Parameter structure for CmdID 0x000F00E8
| Index Word | Description | 
|---|---|
| 0x7D-0x00 | Usually value 0x00FFE000. | 
| 0x7E | Usually value 0x00FFFEE6? | 
| 0x7F | Usually value 0x00DCD919? | 
Parameter structure for CmdID 0x803F0112
| Index Word | Description | 
|---|---|
| 0 | 0x0 = unknown, 0xF = unknown. Only bits 3-0 are used.(Values 0x1-0xF all have the same effect) | 
| 1 | 0x0 = unknown, 0xF = unknown. Only bits 3-0 are used. | 
| 2 | 0x0 = unknown, 0x2 = unknown. Only bits 1-0 are used.(Values 0x1-0x3 all have the same effect) | 
| 3 | 0x0 = unknown, 0x2 = unknown. Only bits 1-0 are used.(Values 0x1-0x3 all have the same effect) | 
Entries for CmdID 0xXXXF02C1
| Index Word | Description | 
|---|---|
| 0 | float, the GPU handles this as the 4th word. | 
| 1 | float, the GPU handles this as the 3rd word. | 
| 2 | float, the GPU handles this as the 2nd word. | 
| 3 | float, the GPU handles this as the 1st word. | 
The below entry structure info is in the raw order used for the command, not the order used by the GPU.
Color Entry
| Index Word | Description | 
|---|---|
| 0 | float Red component | 
| 1 | float Blue component | 
| 2 | float Green component | 
| 3 | float Alpha | 
Lighting Color Entry
| Index Word | Description | 
|---|---|
| 0 | float Alpha | 
| 1 | float Blue component | 
| 2 | float Green component | 
| 3 | float Red component | 
Types for CmdID 0x000F02C0
The 0x000F02C0/0x000F02C1 is actually used as a generic way to set uniforms, regardless of what they represent. 0x000F02C0's parameter represents the ID of the destination GPU register (0x0 is c0, 0x1 is c1 etc). As such, the meaning of the data being sent over is entirely dependant on the shader currently in use. The values below may be "default" values used by Nintendo's openGL implementation.

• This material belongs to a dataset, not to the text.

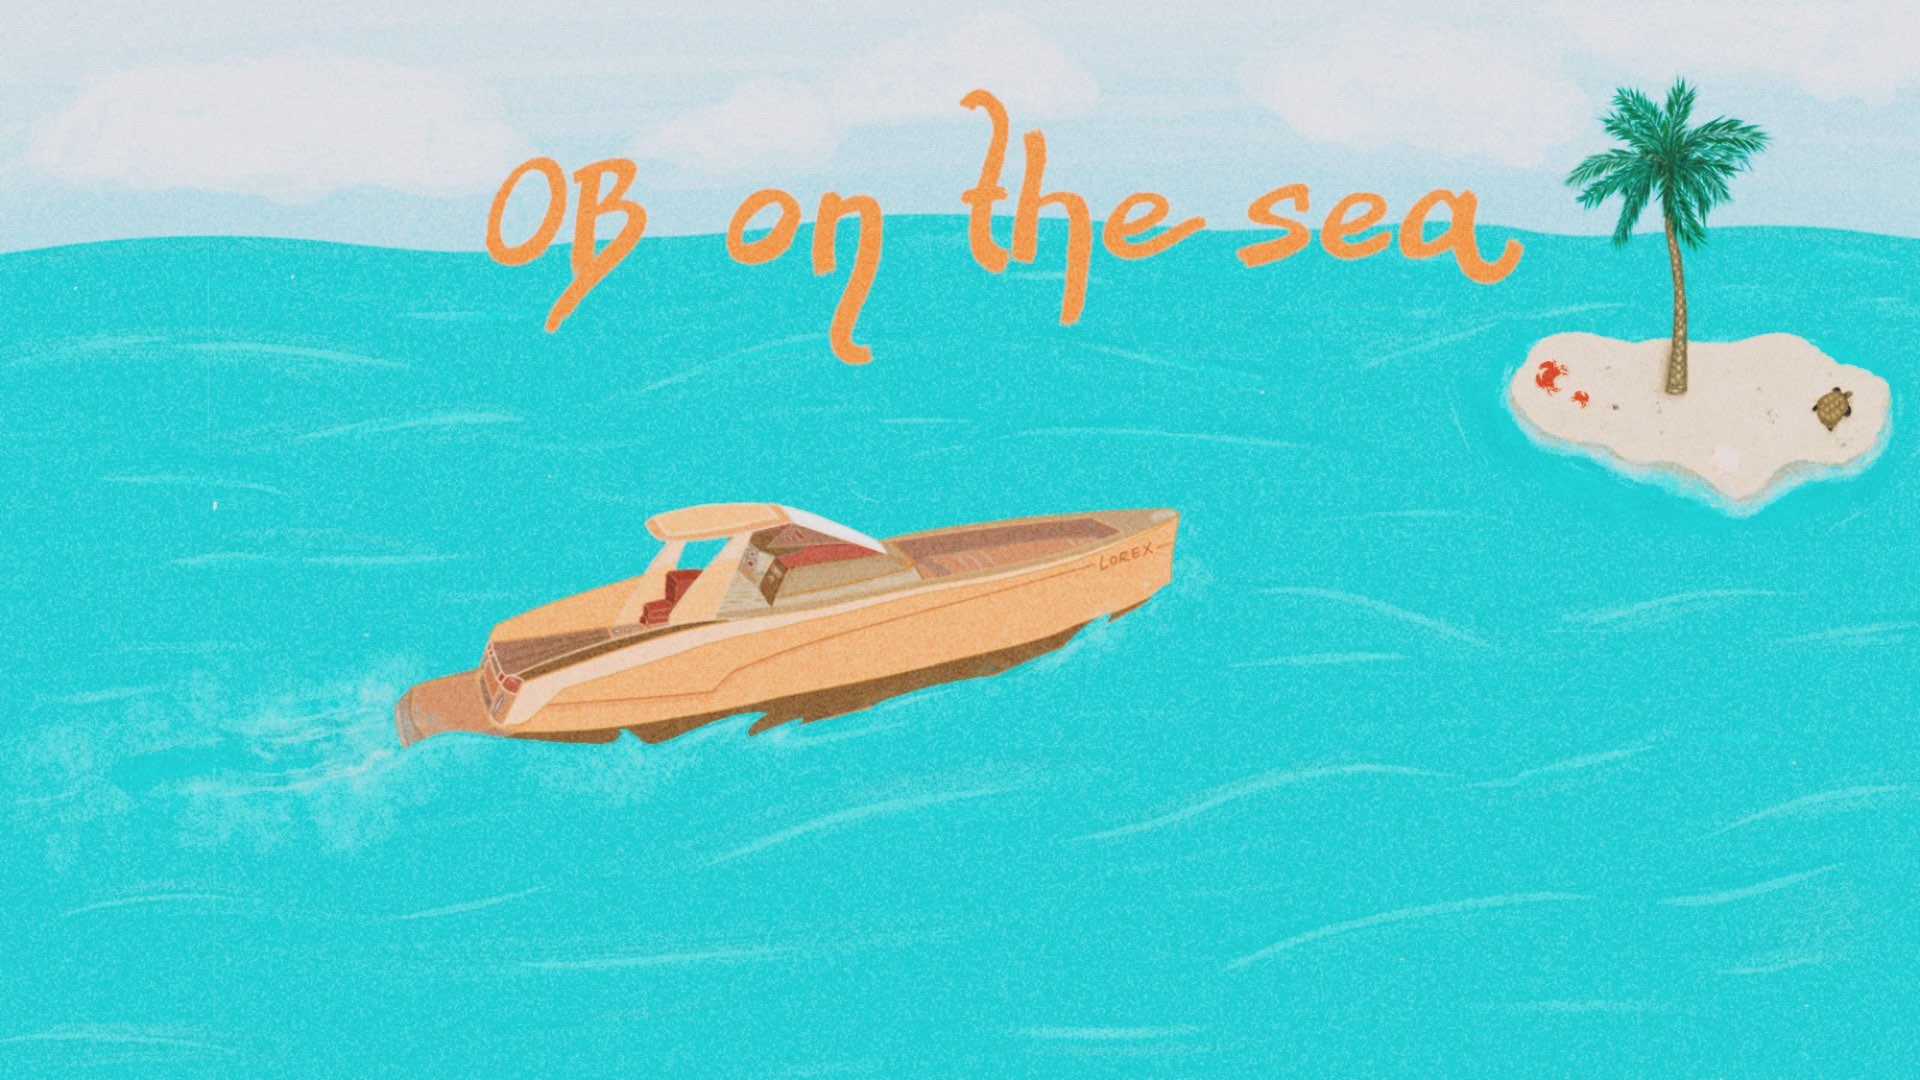 OB on the sea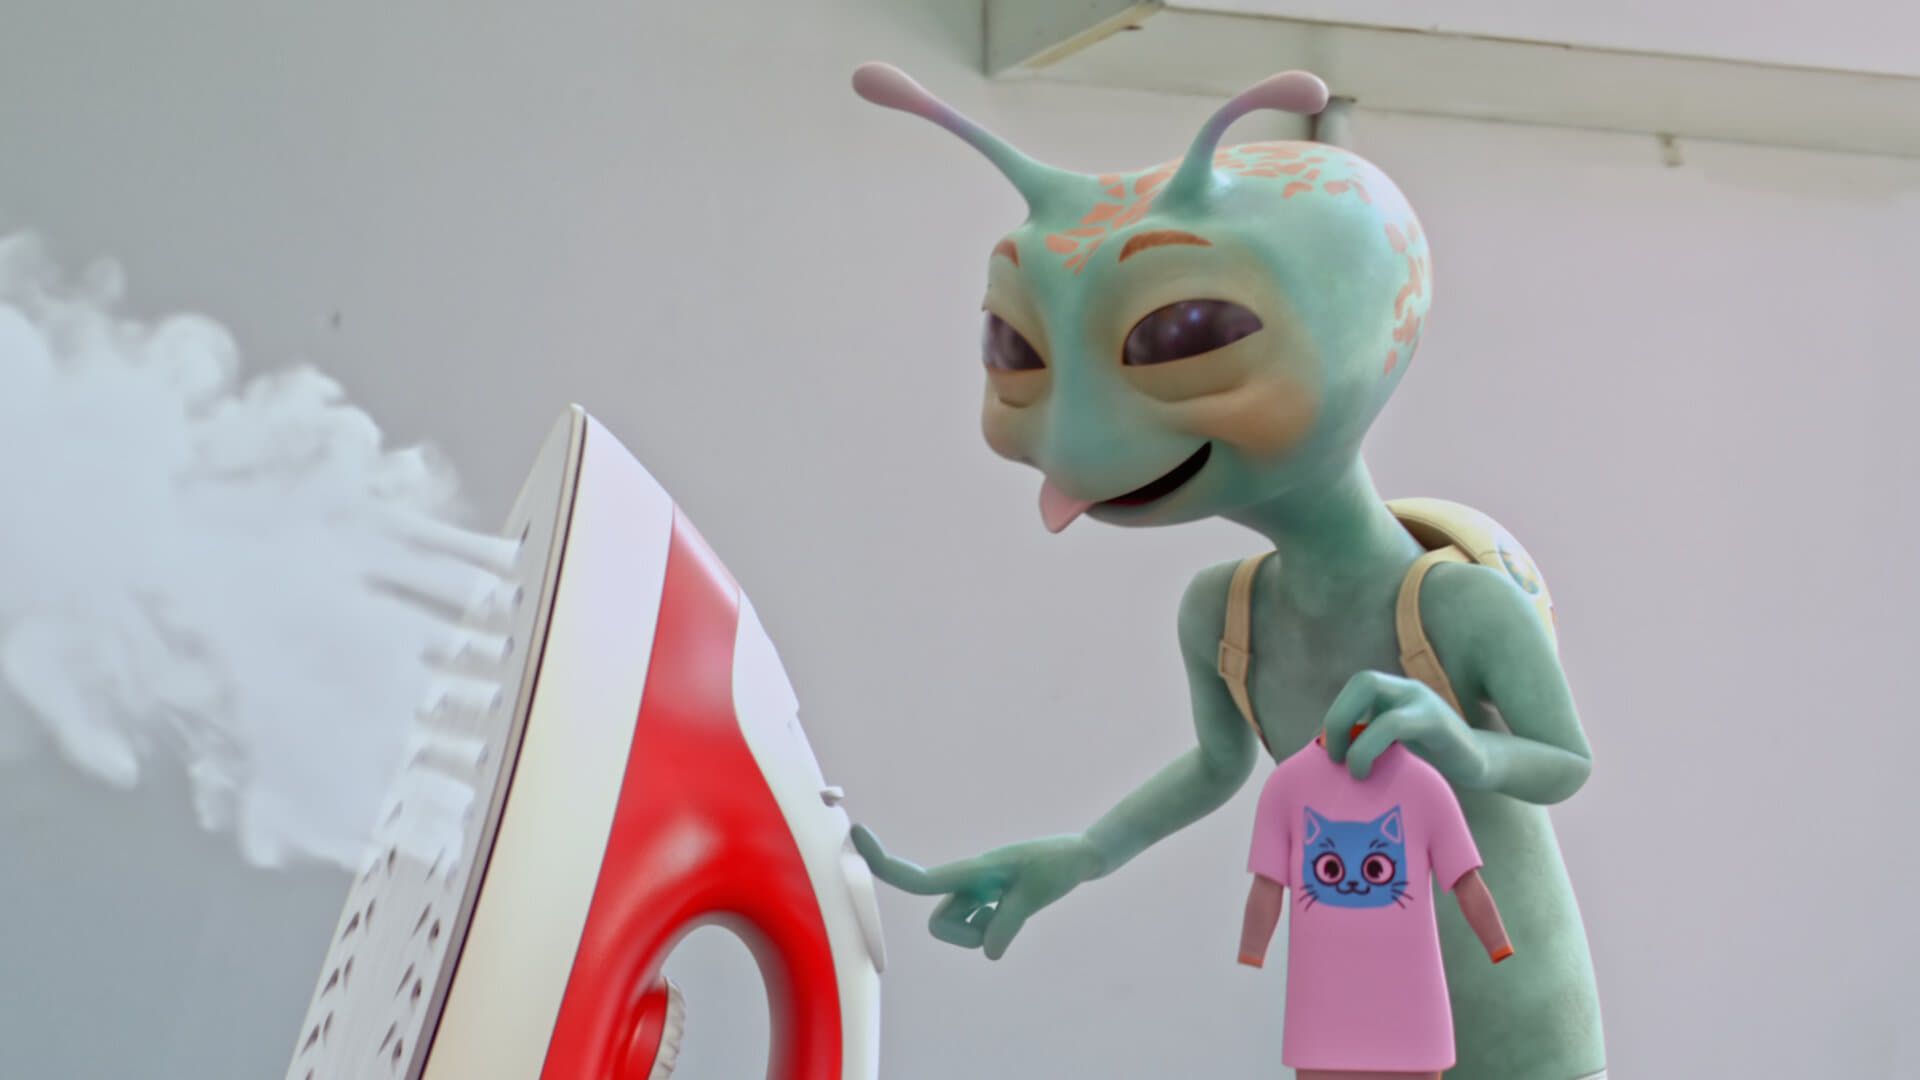 Watch Alien TV · Season 1 Episode 12 · Toyshop/Laundromat/Yoga Full Episode  Online - Plex

| Value | Entries per chunk | Description | 
|---|---|---|
| 0x00 | 4 | This specifies 16-floats for a 4x4 matrix, used for glLoadMatrix() for the projection matrix. | 
| 0x04 | 4 | This specifies a 4x4 matrix, used for glLoadMatrix() for the model-view matrix. This is usually an identity matrix. | 
| 0x08 | 2 | Sets the color. | 
| 0x0A | 4 | Specifies a 4x4 matrix, used for glLoadMatrix() for the texture matrix.(Index0) | 
| 0x0E | 3 | Specifies a 4x3 texture matrix.(Index1) | 
| 0x11 | 3 | Specifies a 4x3 texture matrix.(Index2) | 
| 0x14 | <=30 | Used to specify a 4xN matrix, where N is the total CmdID 0xXXXF02C1 entries. This is glMultMatrix() for the model-view matrix, except the input matrix is 4xN instead of 4x4. | 
| 0x4C | 4 | This specifies a 4x4 float matrix. | 
| 0x50, 0x53, and 0x56 | 1 | This specifies the GL_LIGHT0-2 color for GL_AMBIENT? | 
| 0x51, 0x54, and 0x57 | 1 | This specifies the GL_LIGHT0-2 color for GL_DIFFUSE? | 
| 0x52, 0x55, and 0x58 | 1 | This specifies the GL_LIGHT0-2 color for GL_SPECULAR? | 
| 0x59 | 1 | Unknown, the entry data is floats converted from s32s. Usually each entry word is zeros. | 
| 0x5A | 2 | Color related? | 
| 0x5C | 1 | ? | 
The matrices for types 0x00 and 0x04 use row-major order, instead of column-major order.